SOURCE DATA

---

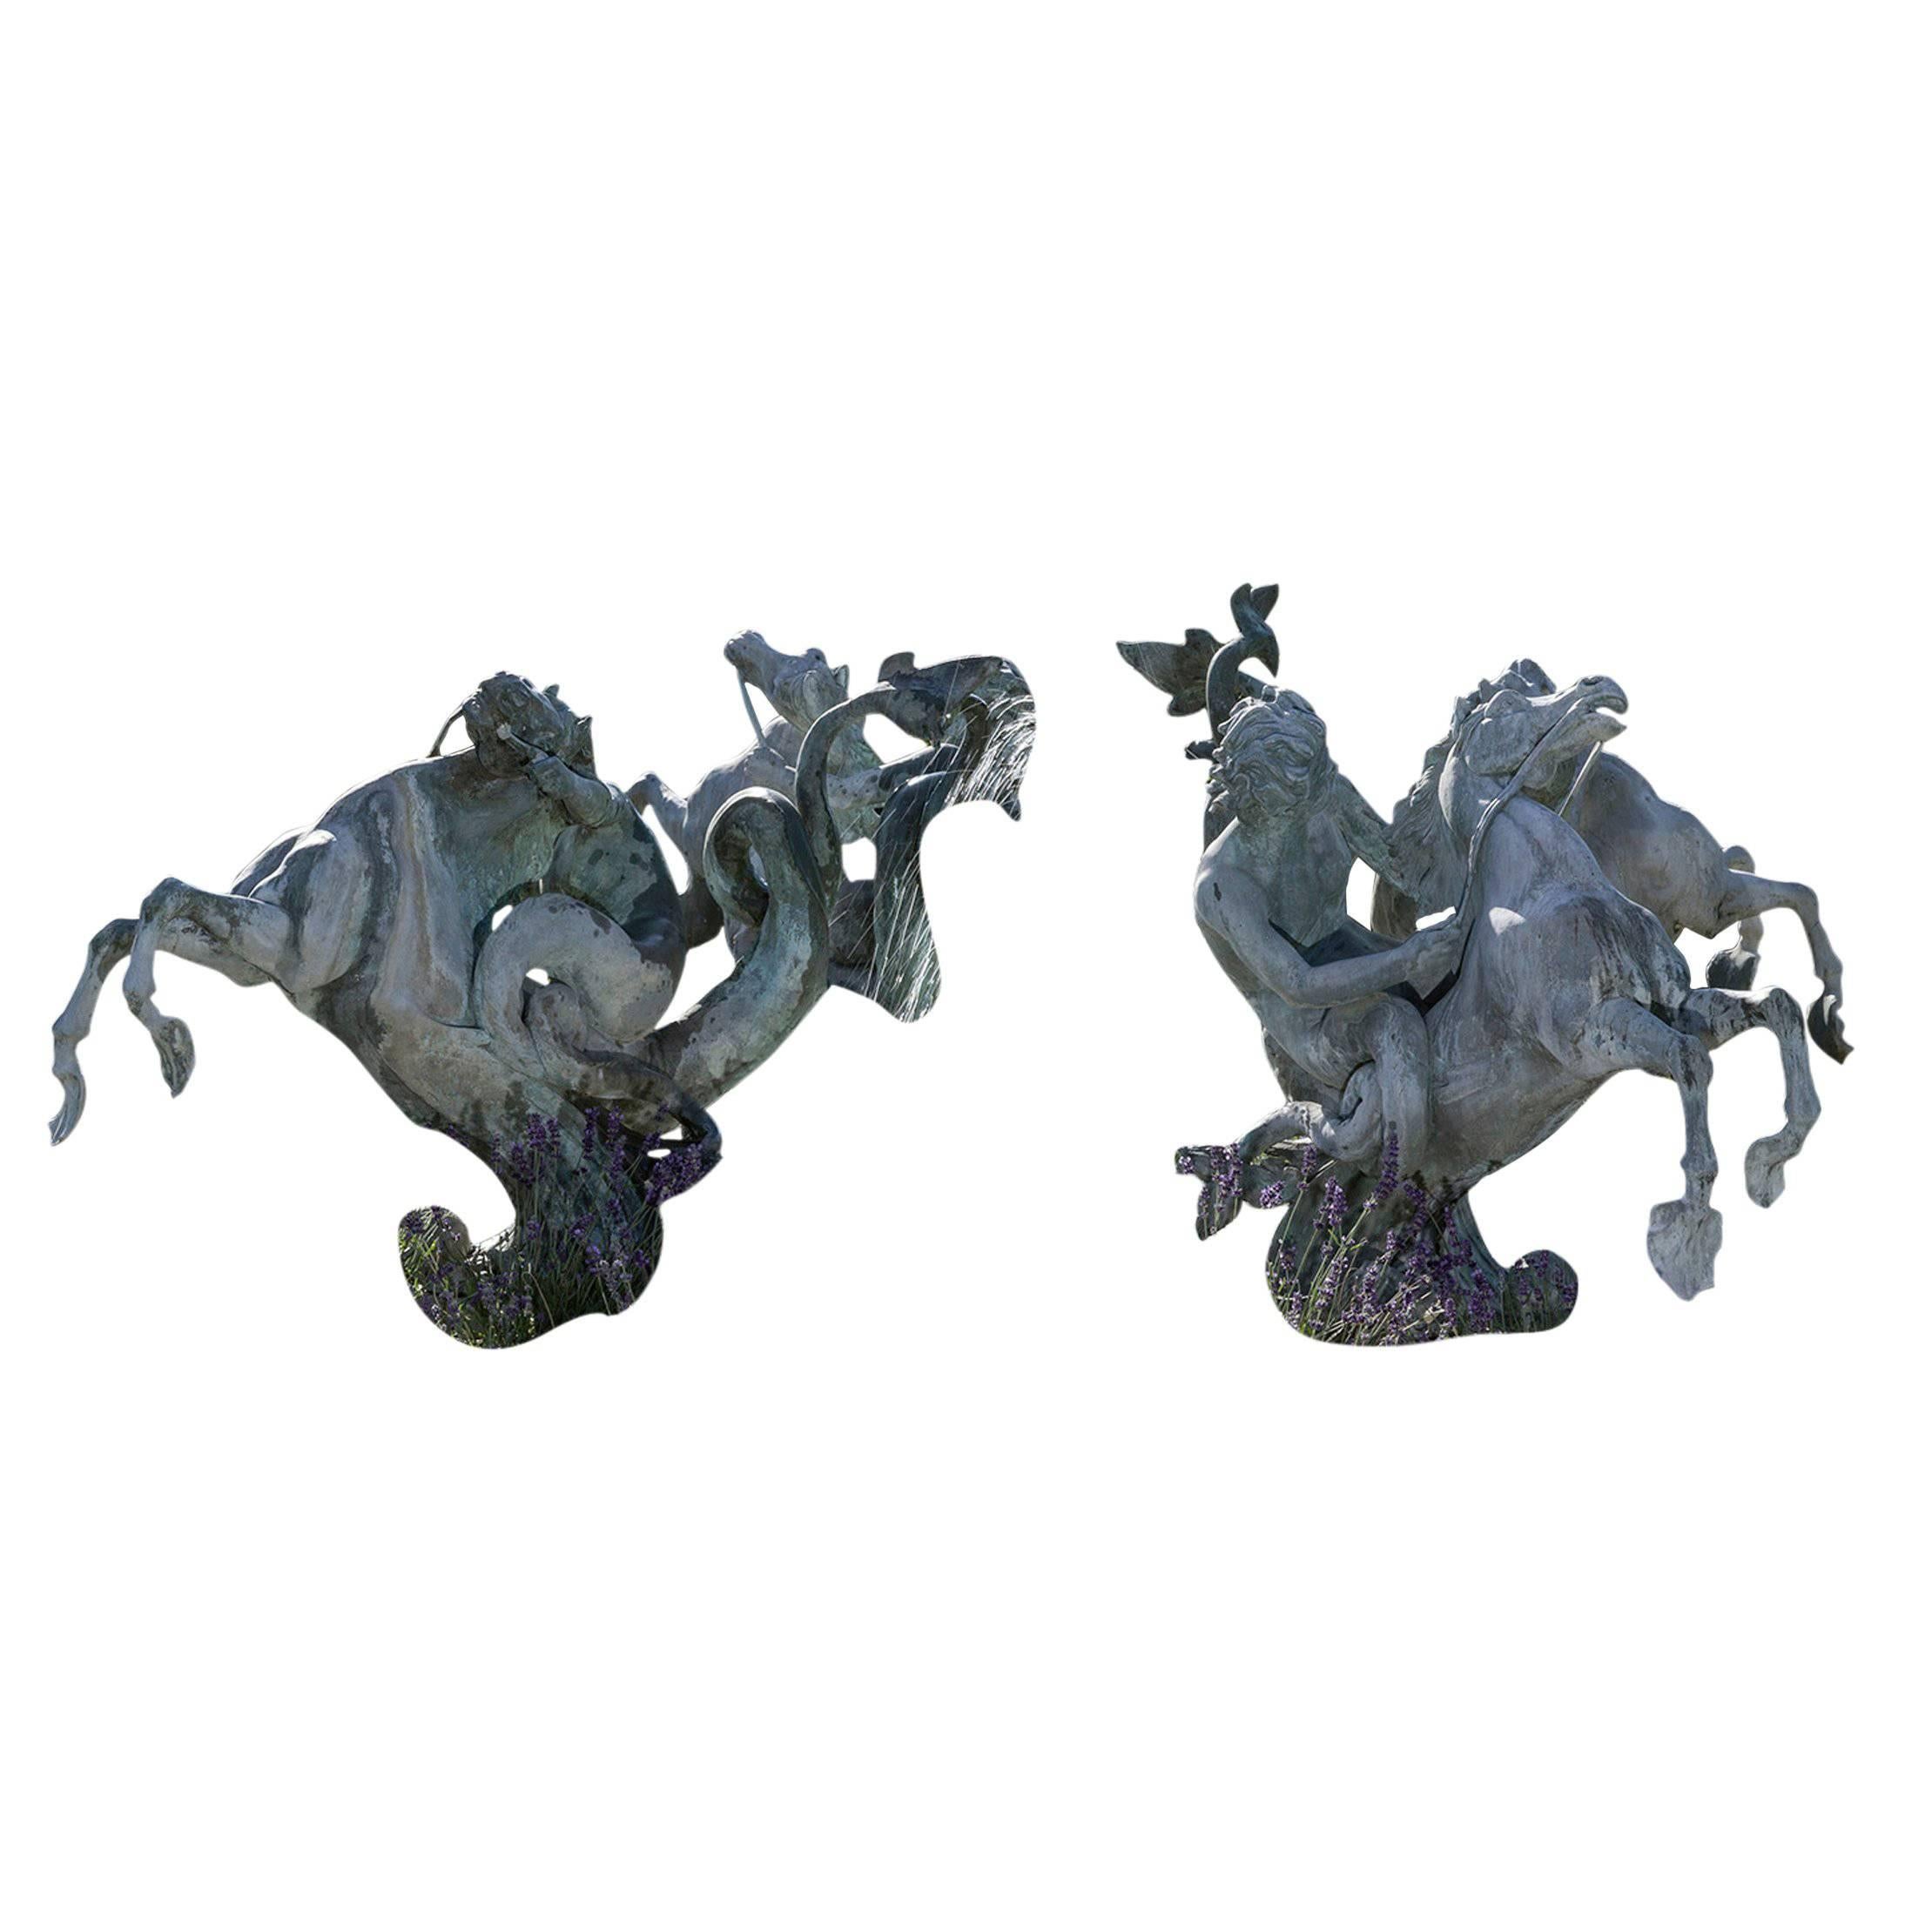 A very rare group of four bronze figures. The horses have a kind of a tail and also all the figures on the horses.
They are in a wonderful quality and original.
This historical palace or castle fountain has an exceptional expression.
In the centre
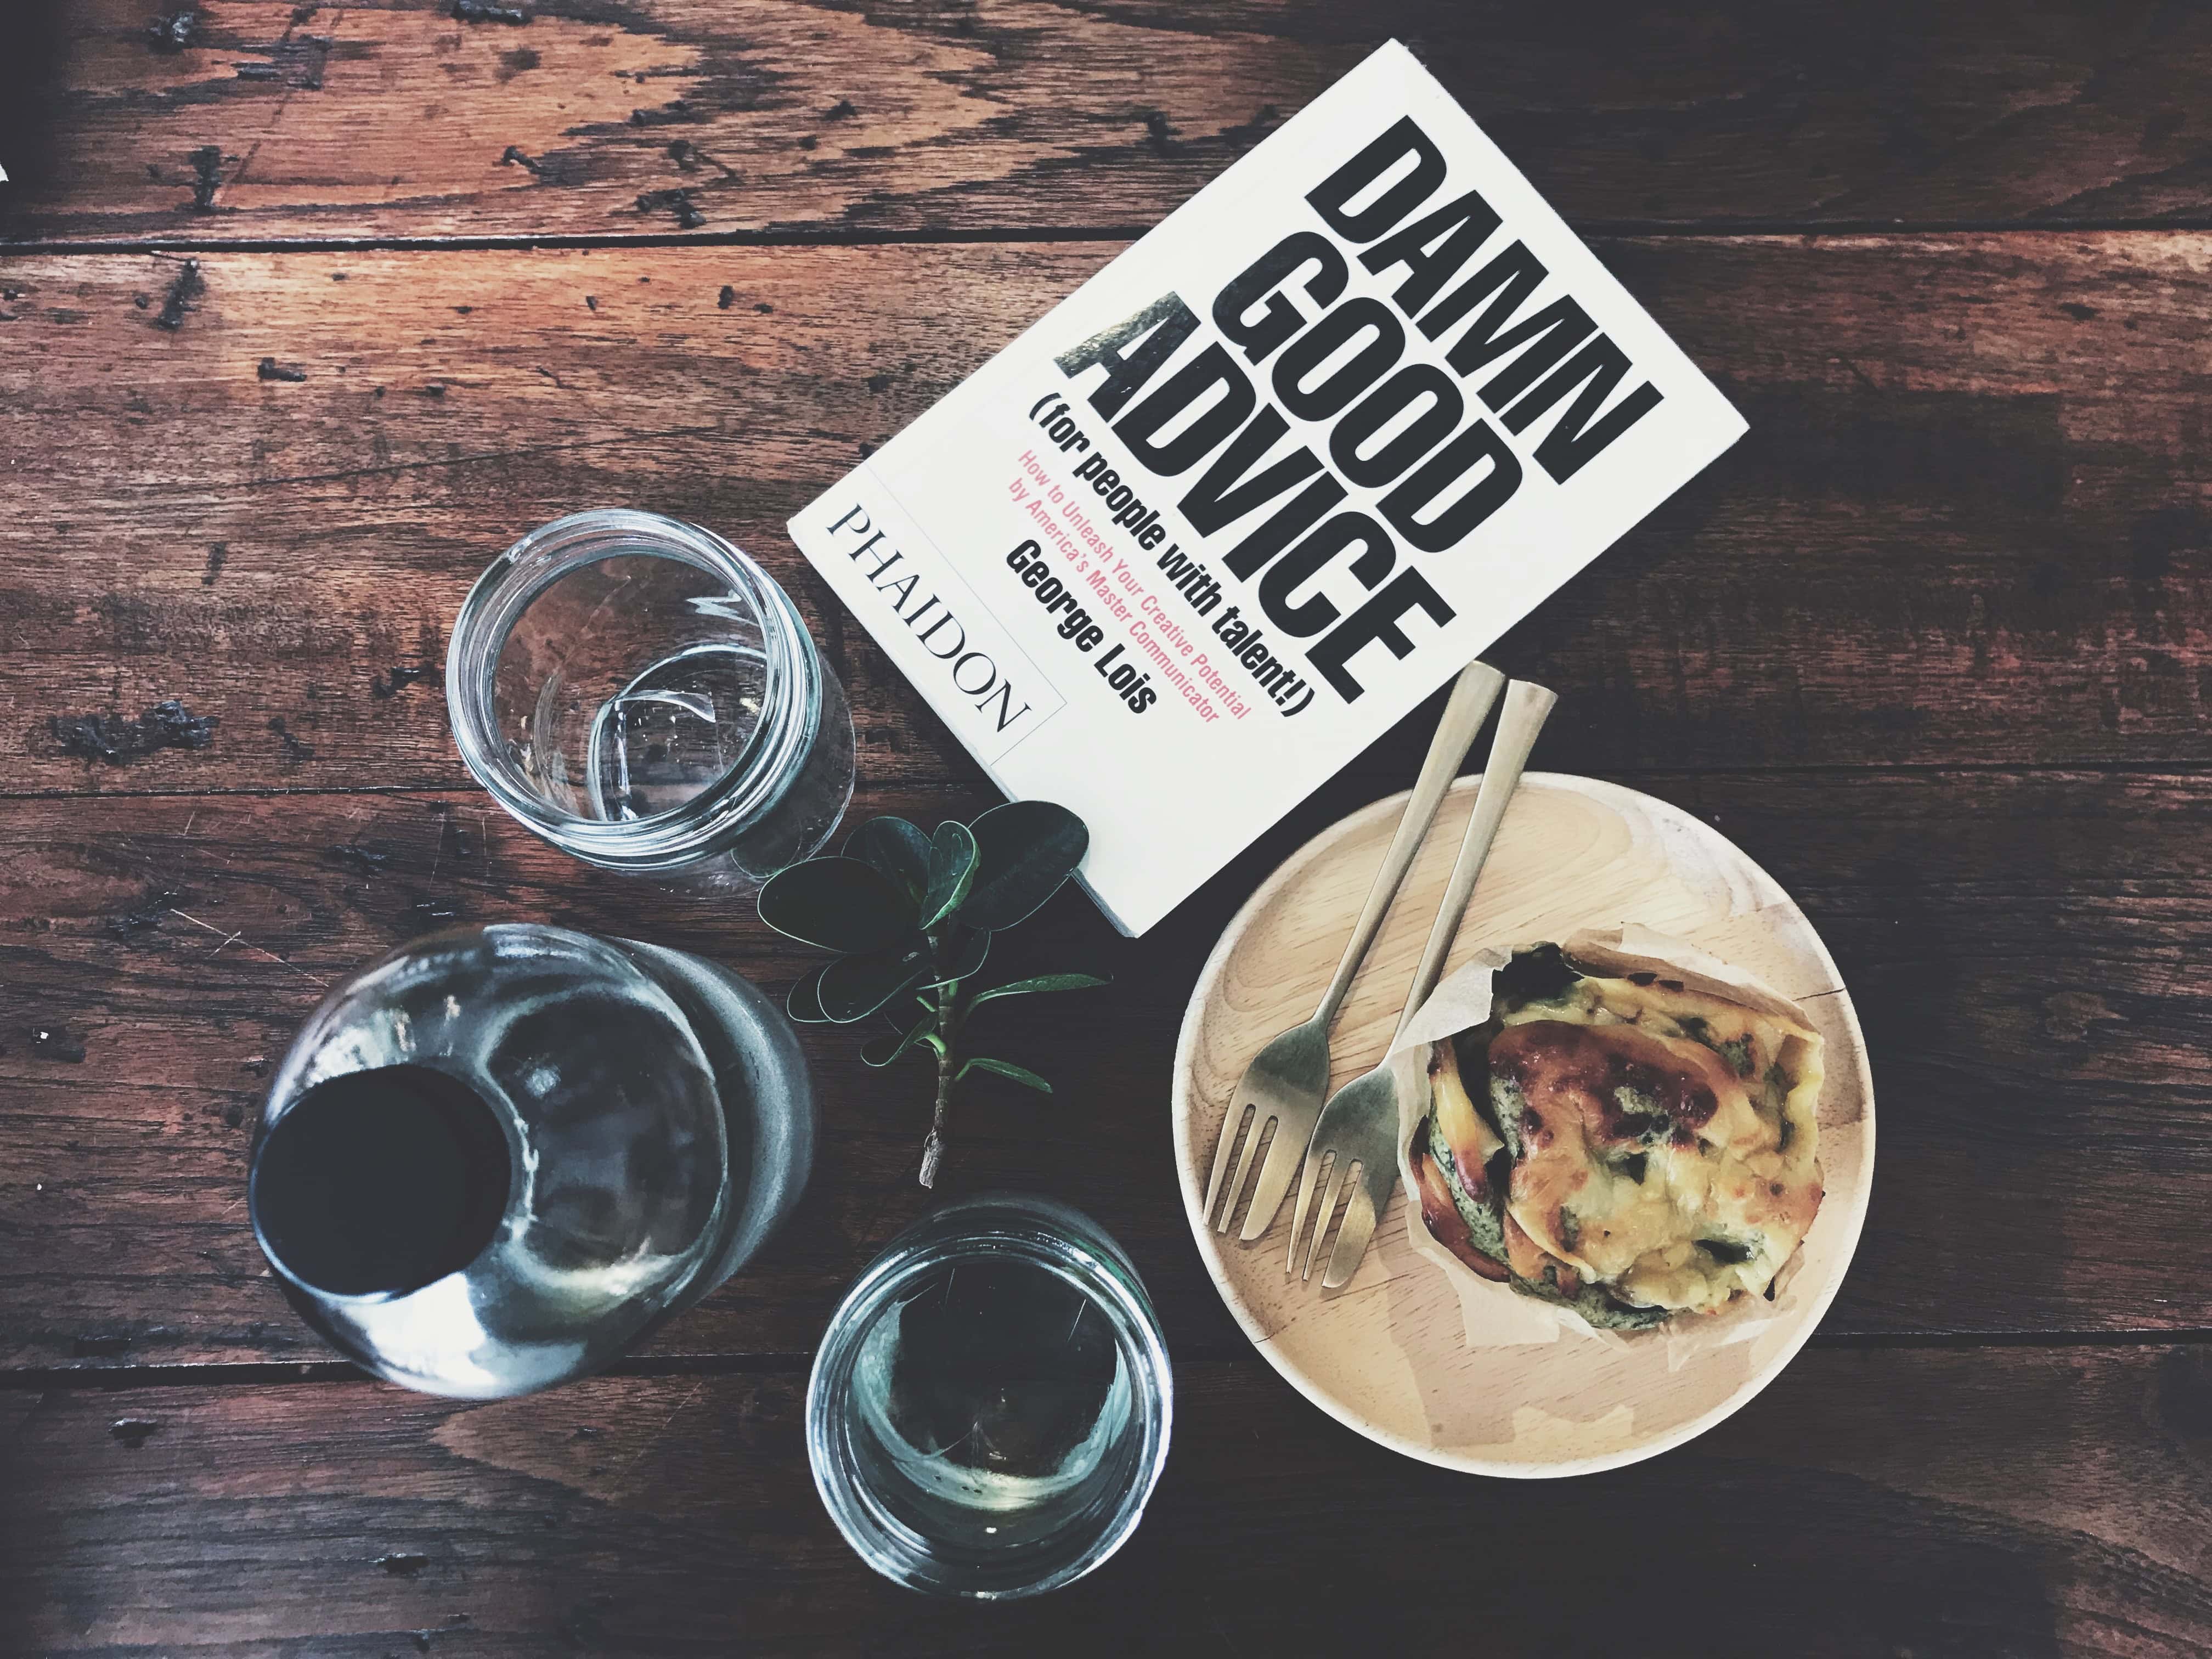 Flat lay of a book with 'damn good advice' as the title next to food and water

---

PROBLEM DESCRIPTION
Pictures stay out; reproduce exactly the lines from the one containing "In the centre" through the last line of the listing, both included.

WORKED SOLUTION
In the centre
 Flat lay of a book with 'damn good advice' as the title next to food and water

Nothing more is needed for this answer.